I didn't hesitate to eat it; my hands didn't shiver.

"You know what, mister? I thought about our conversation a lot, and I think that yes, your life was difficult, so what? Work harder so from this point your life gets better."

People care about me? I don't think so; even if I die, people will forget about me like I never existed, like Dad! Even though he was loved, he was forgotten. There is no one for me, so I am already forgotten.

I asked him to grant me leave; he told me to rest for a few days and that I should stay for a few days until he is alright, but my work called for me.

I put on my coat, took my hat, and walked out of the door.

In the corridor, the doctor stood; he didn't wear his old black dress with multiple blood stains.

I reached him.

"Did something happen, Doctor? Why are you wearing a white coat now?"

"Oh, you might not know, but there is a person named Louis Pasteur… but still, our hospitals have banned black dresses."

I didn't understand a bit; I think I am also stupid. What could I have said?

I started moving toward the exit of the hospital, and I turned back.
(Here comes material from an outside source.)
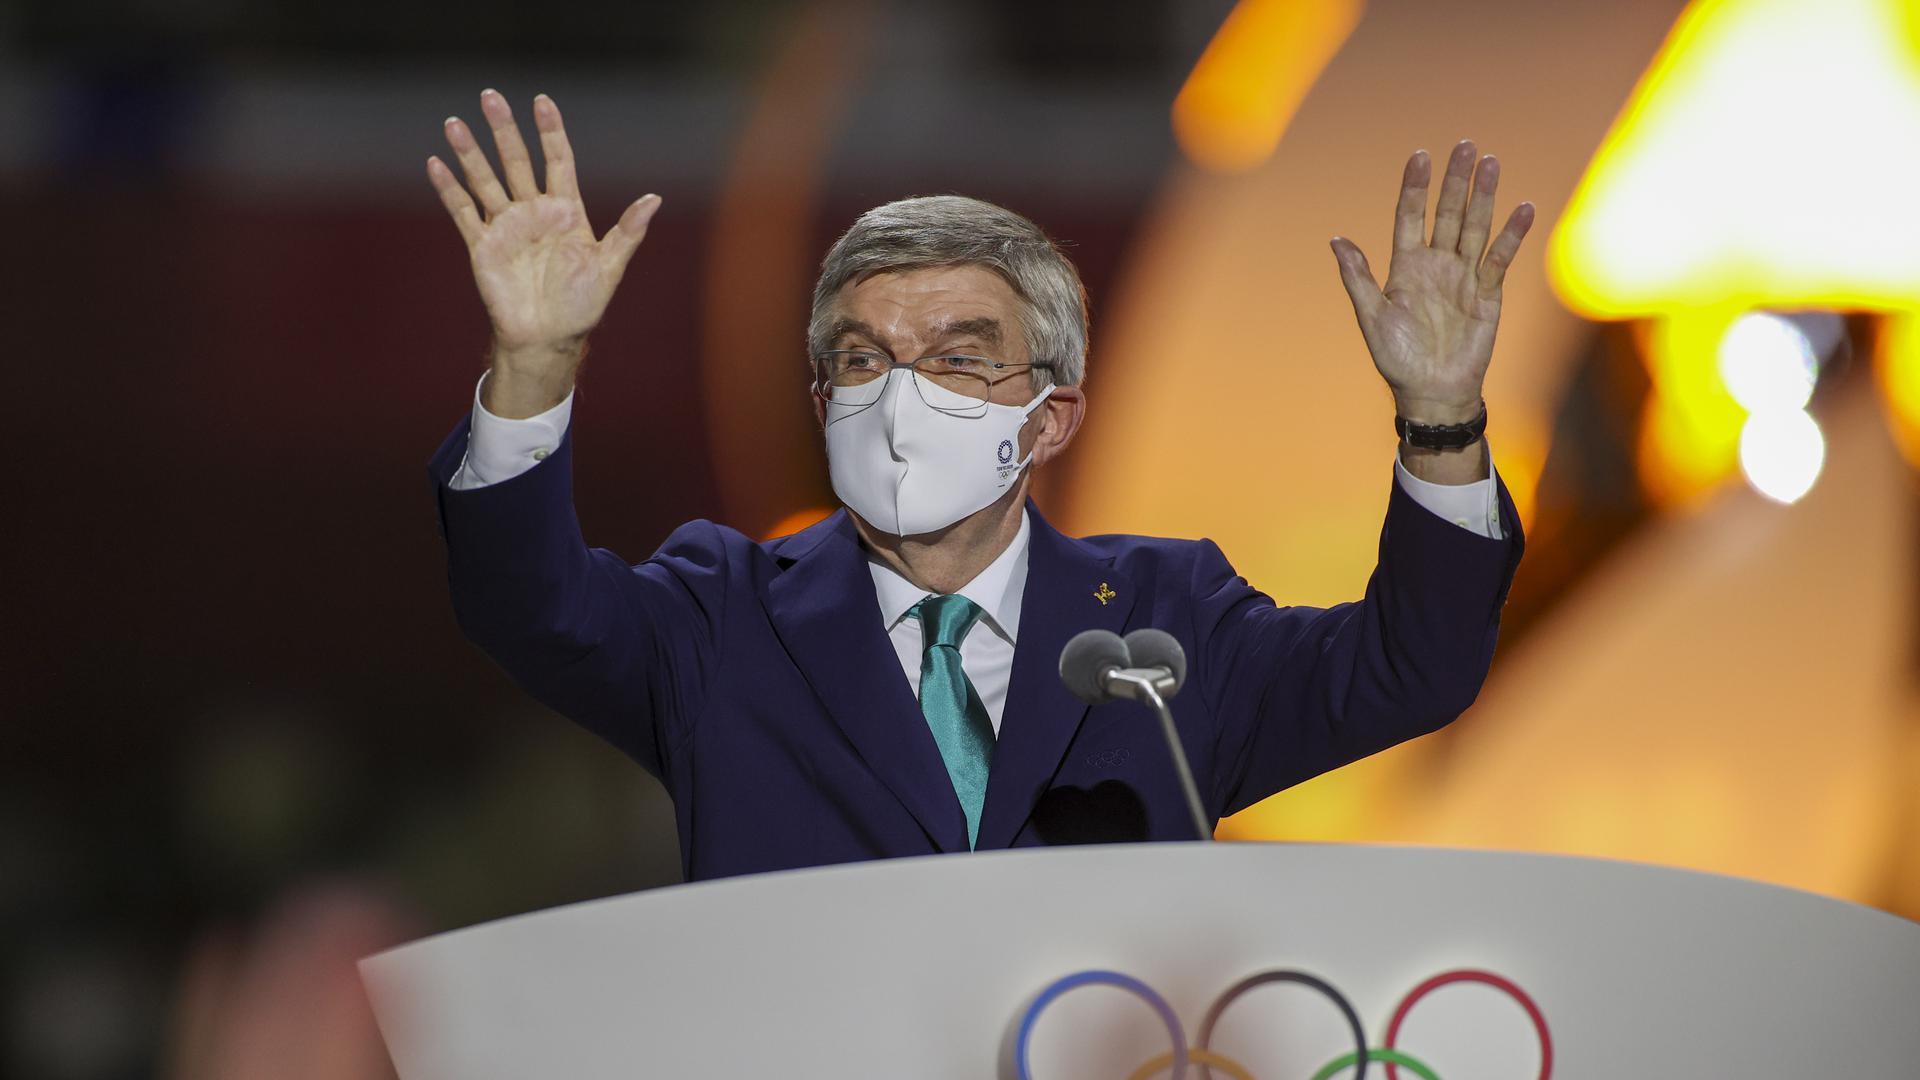 08.08.2021, Japan, Tokio: Olympia: Abschlussfeier im Olympiastadion. Der Präsident des Internationalen Olympischen Komitees, Thomas Bach, winkt während der Abschlusszeremonie Foto: Dan Mullen/Pool Getty Images/dpa +++ dpa-Bildfunk +++

"This white coat looks good on you."

"Thanks, man. I hope we meet again and you don't come with another heart attack," he laughed.

I exited the hospital; it was still too early in the morning. The sun was not in sight, but the light was there.

Like usual, smog covered the whole of White Chapel; a small amount of light made it look almost like frosted glass in the whole air.

I don't know where I am going. Can I go back to the circus? No, I can't. What will I say that I forced the hospital to release me? I can't go there, I think—

Suddenly I saw a crowd standing.

A few people were standing there when I reached them.

"What happened here?" I asked.

"A murder. A young lady was killed by someone."

I ran in front of the crowd. My eyes widened. A lady was brutally strangled to death by a wire, which seemed to be a metal wire; her eyes were about to pop.

A lady was lying beside her who looked old and unconscious; there were cuts on her hands, and maybe she was hit so hard that she went unconscious. Maybe she was trying to save her.

A detective entered the crowd; an officer guided him.

"Come here, Sir Edward Huckel."

I saw something lying on the ground.

"tarot card?" An officer picked that card.

Can it be Ripper? Is he still killing people? That bastard, what does he think he is… I will execute him no matter what. Even if I die, I will make sure I come back and execute him. I will kill him so mercilessly that his soul will be scared to reincarnate.

Just wait for me, Ripper!

I don't know what is in my destiny or what my goal is, but I know one thing: I will not let anyone meet this fate again ever.